Howdy, Stranger!

It looks like you're new here. If you want to get involved, click one of these buttons!

In this Discussion

Here's a statement of the obvious: The opinions expressed here are those of the participants, not those of the Mutual Fund Observer. We cannot vouch for the accuracy or appropriateness of any of it, though we do encourage civility and good humor.

    Support MFO

  • Donate through PayPal

Any Schwab customers read the Jan. 2018 "Cash Features Disclosure Statement?"

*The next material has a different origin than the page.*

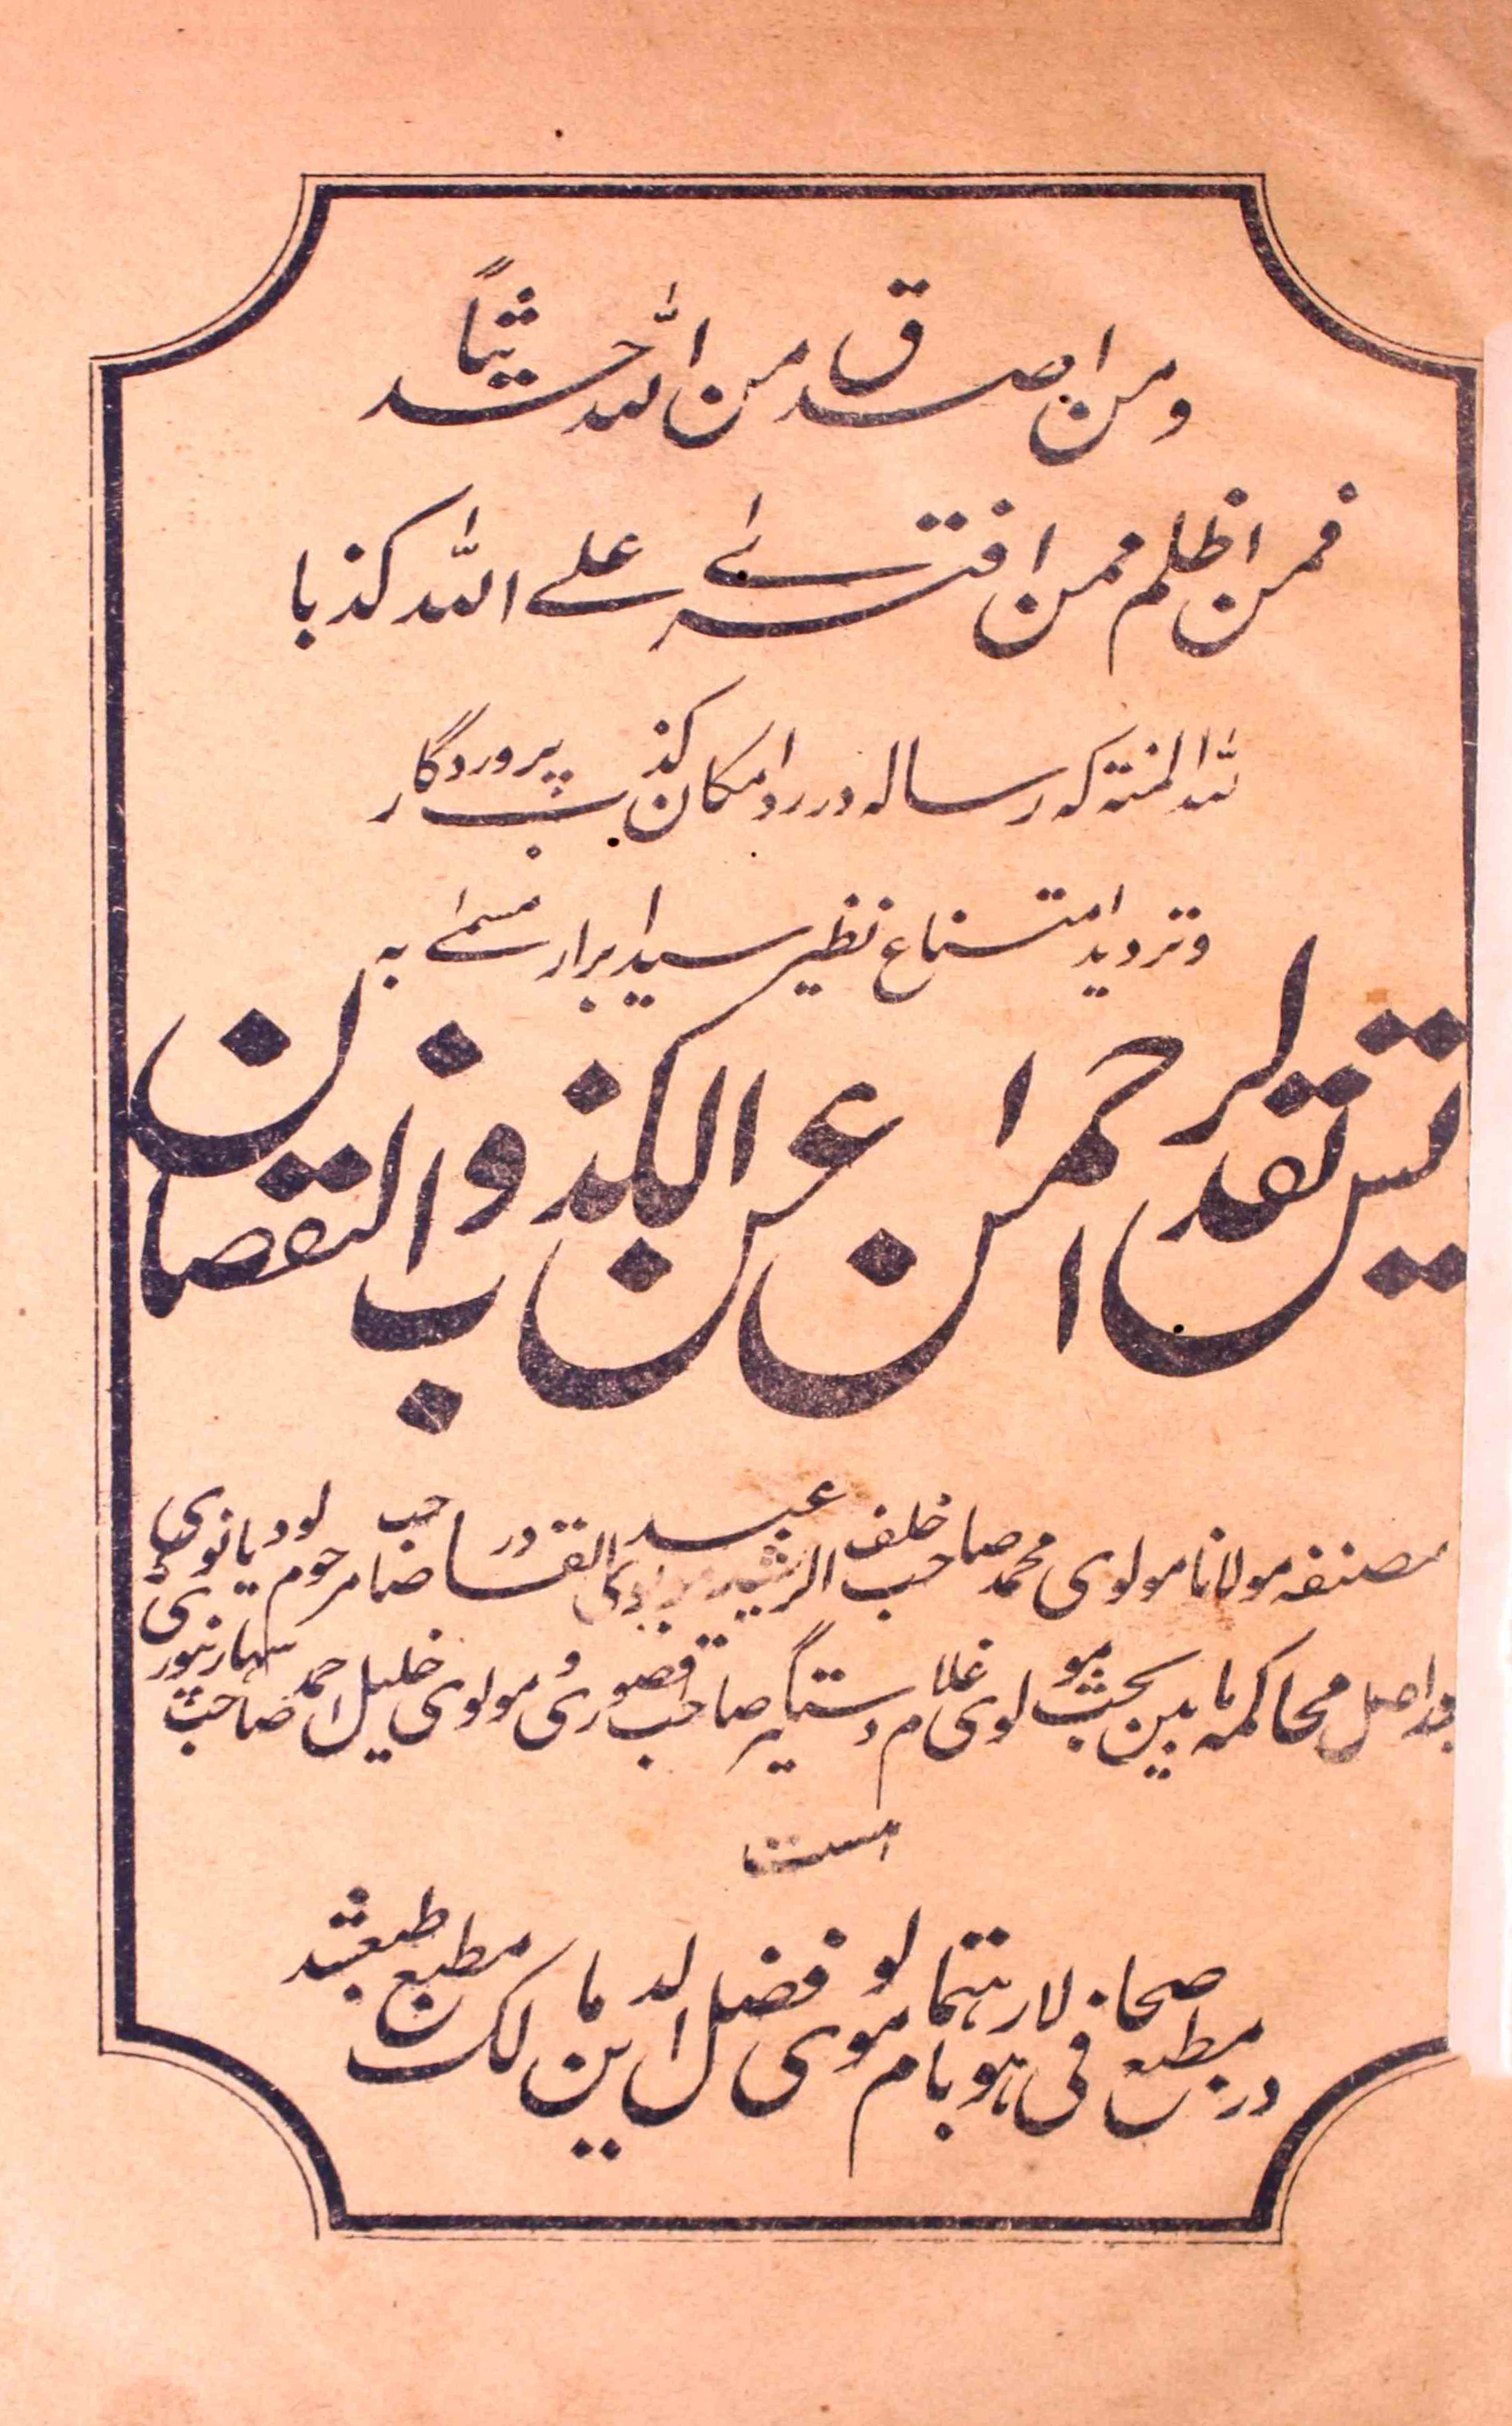 Taqdees-ur-Rahman Anil Kizb-e-Wannuqsan

I am not certain of what it all means but if they need 39 pages of fine print to explain it i am betting it's not in my favor. And the two CSR's I spoke to had no explanation. No supervisor was available to give it a try. I am betting that as interest rates rise on cash it won't find its way to Schwab account holders. According to M* Vanguard Prime MM has a seven day yield of 1.41% Try to get that at Schwab.

Comments

  • I believe Schwab's MM is at 1.2 or 1.25 now. I met with my Schwab guy yesterday and we talked about setting up a "safe-bucket" of 4 years needed withdrawal income when I start retirement. We both agreed setting up that bucket (still as an IRA) at an on-line bank like Ally or Synchrone would give slightly higher rates, maybe in the 1.3 range, and also have the CD option available. In any case, that is what I will be doing.
  • edited January 2018
    @MikeM ... Nice work planning for your retirement. I can’t offer much help because my unorthodox manner has been to run the whole thing in “slow-mo” (conservatively positioned) so that even withdrawing a larger sum during down year(s) won’t ding me too badly. Perhaps it works better for me because of my steady pension or modest lifestyle. Don’t know. But no cash reserve beyond what’s committed to cash in the investment portfolio. Generally, I use distributions to rebalance things out. I don’t recommend this for others.

    But I’d say you are on the right track based on some of the sharper people I’ve followed here or spoken to. Good job. The approach you are exploring is much more typical. And I suspect you are doing a much better job than most are at this stage.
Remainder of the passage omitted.